3. 採用・育成コストの削減と業務への集中
自社で専任の営業担当を雇う場合、採用費や毎月の固定人件費、教育に多大な時間とコストがかかります。営業代行を活用すれば、これらの固定費や育成リスクを削減しつつ、即戦力となるスキルを活用できます。結果として、社内の貴重な人手や時間を新商品の開発やマーケティングといった業務に集中させることが可能です。
ペット用品向け営業代行の費用相場と料金プラン
営業代行を依頼する際、費用対効果は最も重要な判断基準の一つです。ペット用品の営業代行における料金体系は、主に「固定報酬型」と「成果報酬型」の2種類に分類されます。それぞれの相場や特徴を正しく理解し、自社の予算や事業の規模に適したプランを選択することが、外注成功に繋がります。
固定報酬型の特徴とメリット・デメリット
月額数十万円など、一定の費用を支払い指定期間の営業活動を委託する方式です。メリットは月々の予算計画が立てやすく、商談獲得以外のリスト作成や市場調査なども柔軟に依頼できる点にあります。一方、成果が全く出ない場合でも費用が発生するため、初期投資のハードルが高い点がデメリットです。
成果報酬型の特徴とメリット・デメリット
「商談獲得1件につき数万円」のように、具体的な成果に対してのみ費用を支払う仕組みです。

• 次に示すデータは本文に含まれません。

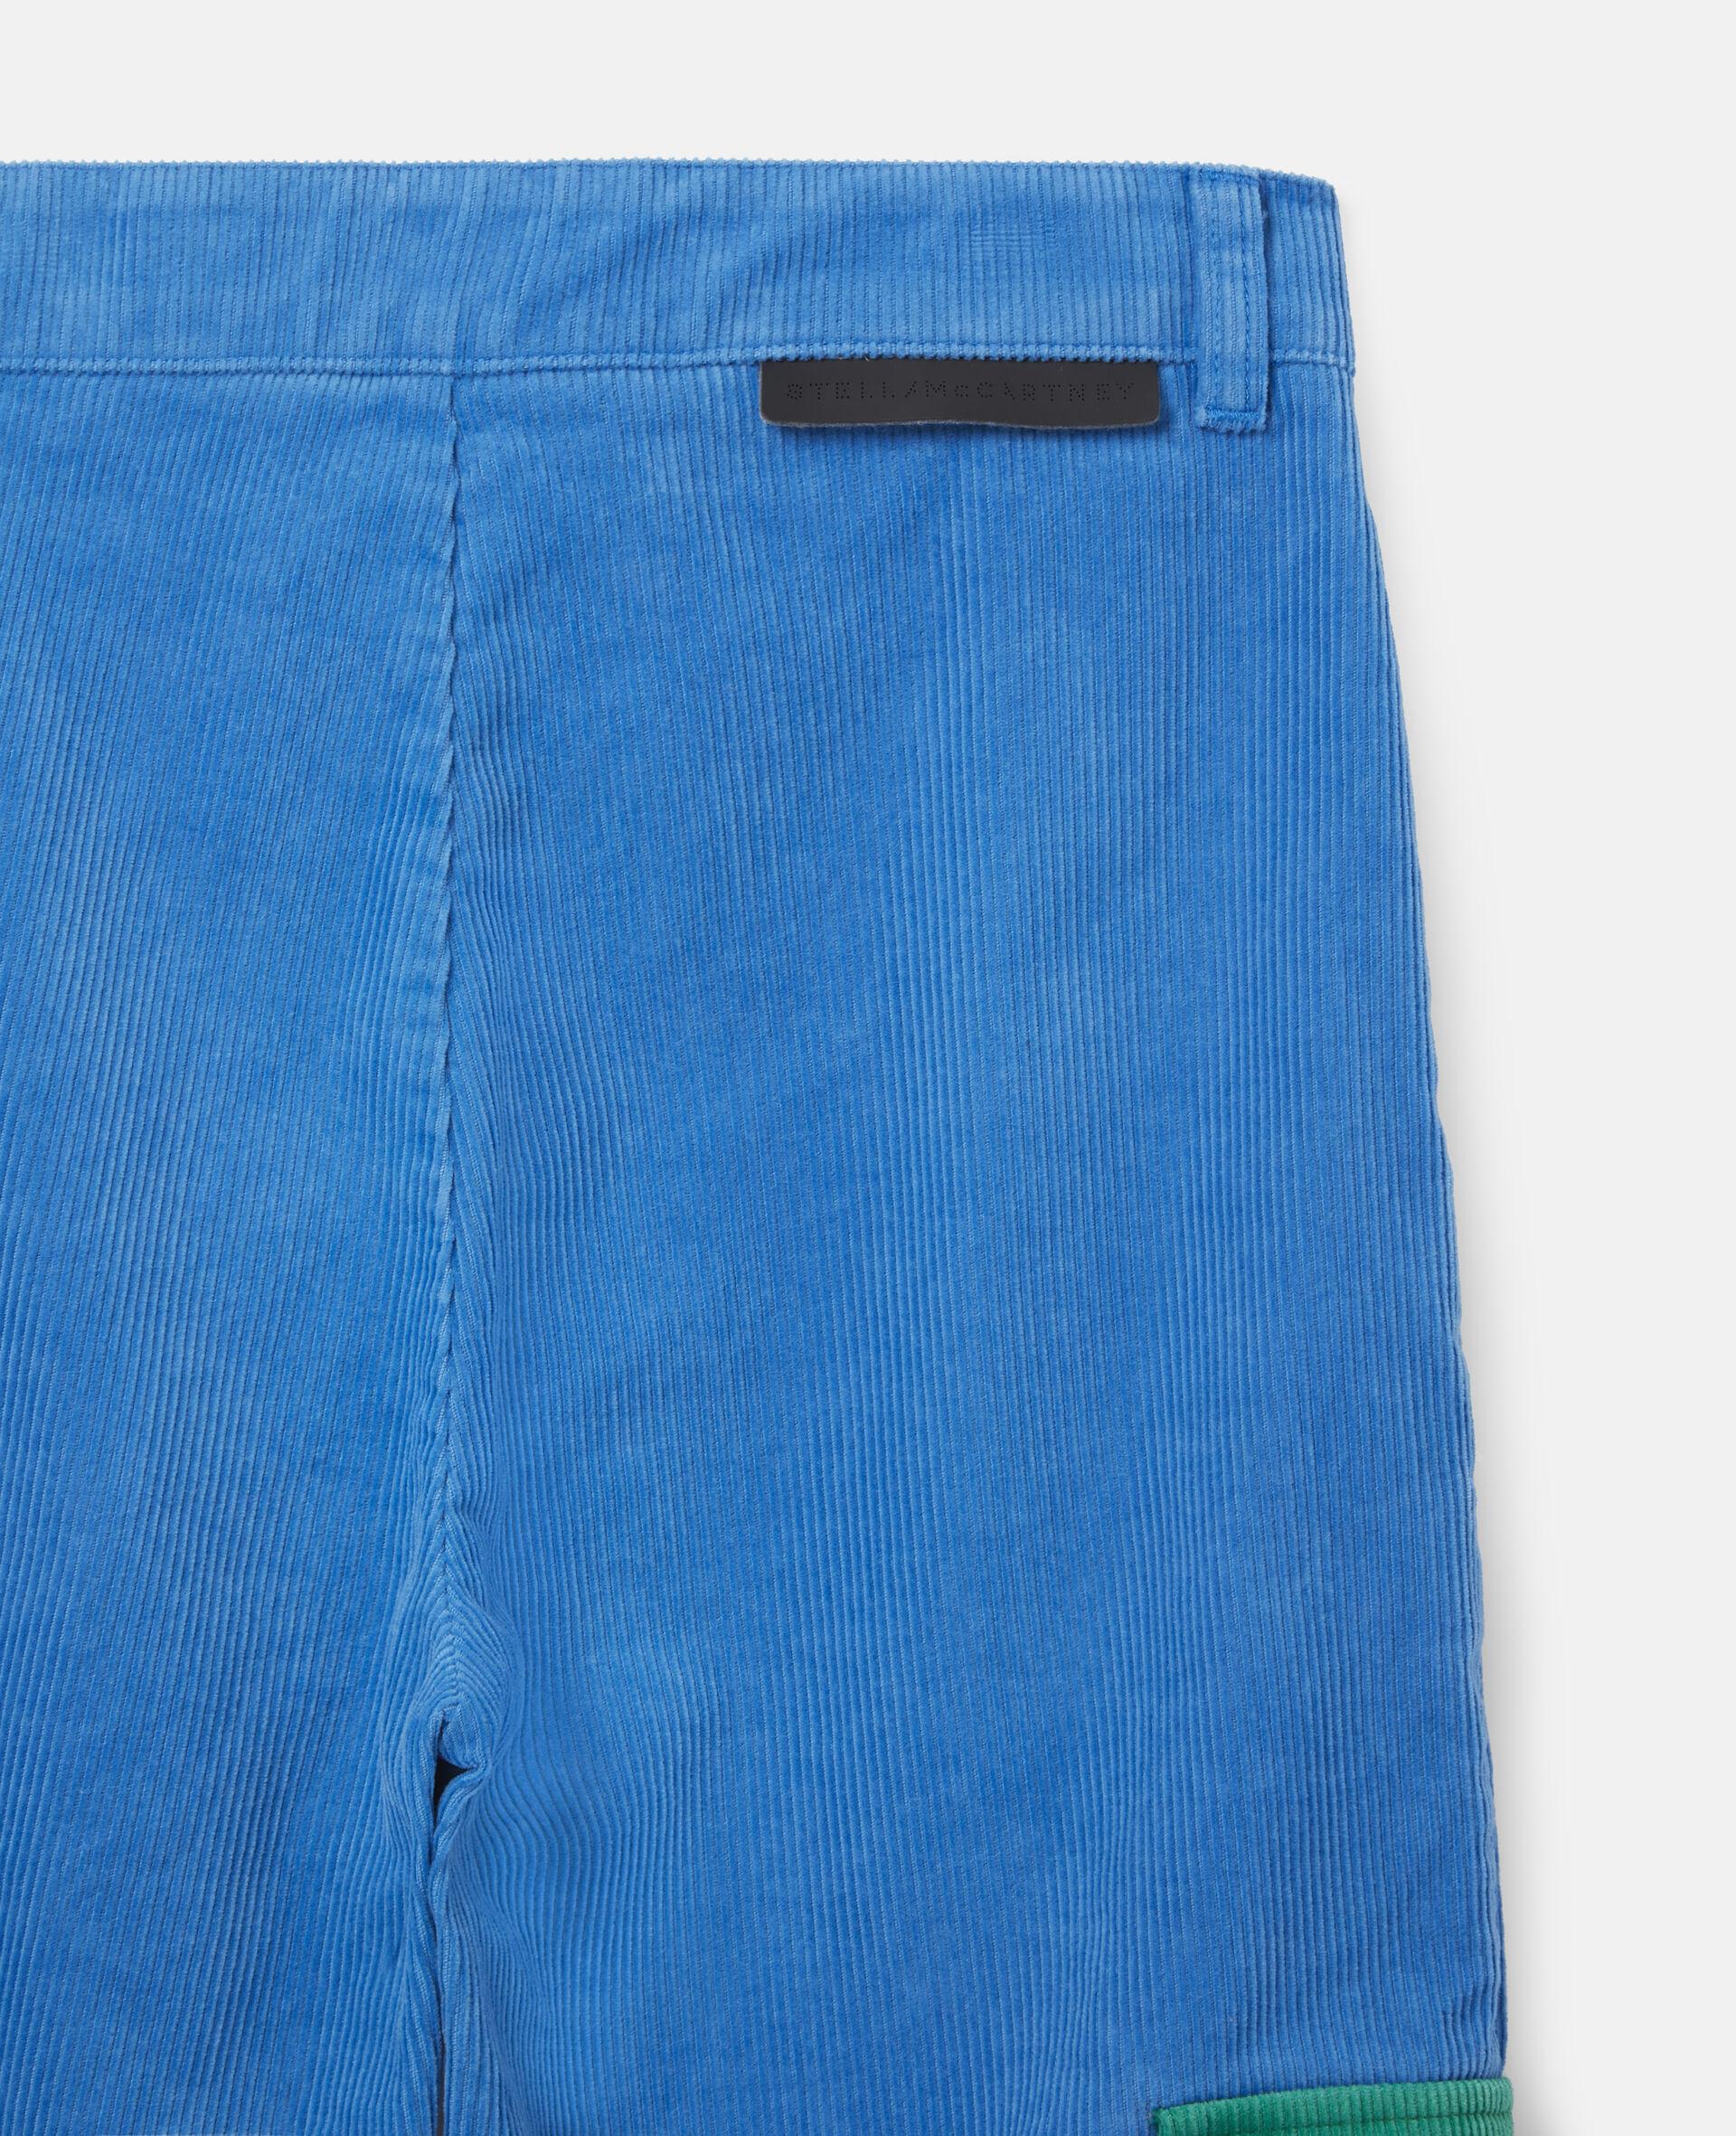 Cargo Corduroy Pants-Blue-large image number 2

最大のメリットは、成果が出ない場合の無駄な出費を防ぎ、費用対効果を明確にできる点です。ただし、難易度が高い商材は代行会社に敬遠されやすく、獲得単価が固定型より割高に設定される傾向がある点に注意が必要です。
自社の規模や目的に合わせた料金体系の選び方
新商品の市場の反応を見ながら中長期的な戦略を練りたい場合は、営業活動全般を任せられる固定報酬型が適しています。一方、ターゲットが明確で手っ取り早く商談数を増やしたい段階であれば、成果報酬型が有効です。両者を組み合わせた「複合型」を採用する会社もあるため、目的に応じて検討しましょう。
失敗を伏せぐ営業代行会社の選び方

営業代行の成果は、依頼する代行会社の選定でほぼ決まると言っても過言ではありません。ペット業界特有の商習慣や専門知識を理解していない会社に依頼すると、ブランドイメージを損なうリスクもあります。自社に最適な代行会社を見極めるために、契約前に必ず確認しておくポイントを解説します。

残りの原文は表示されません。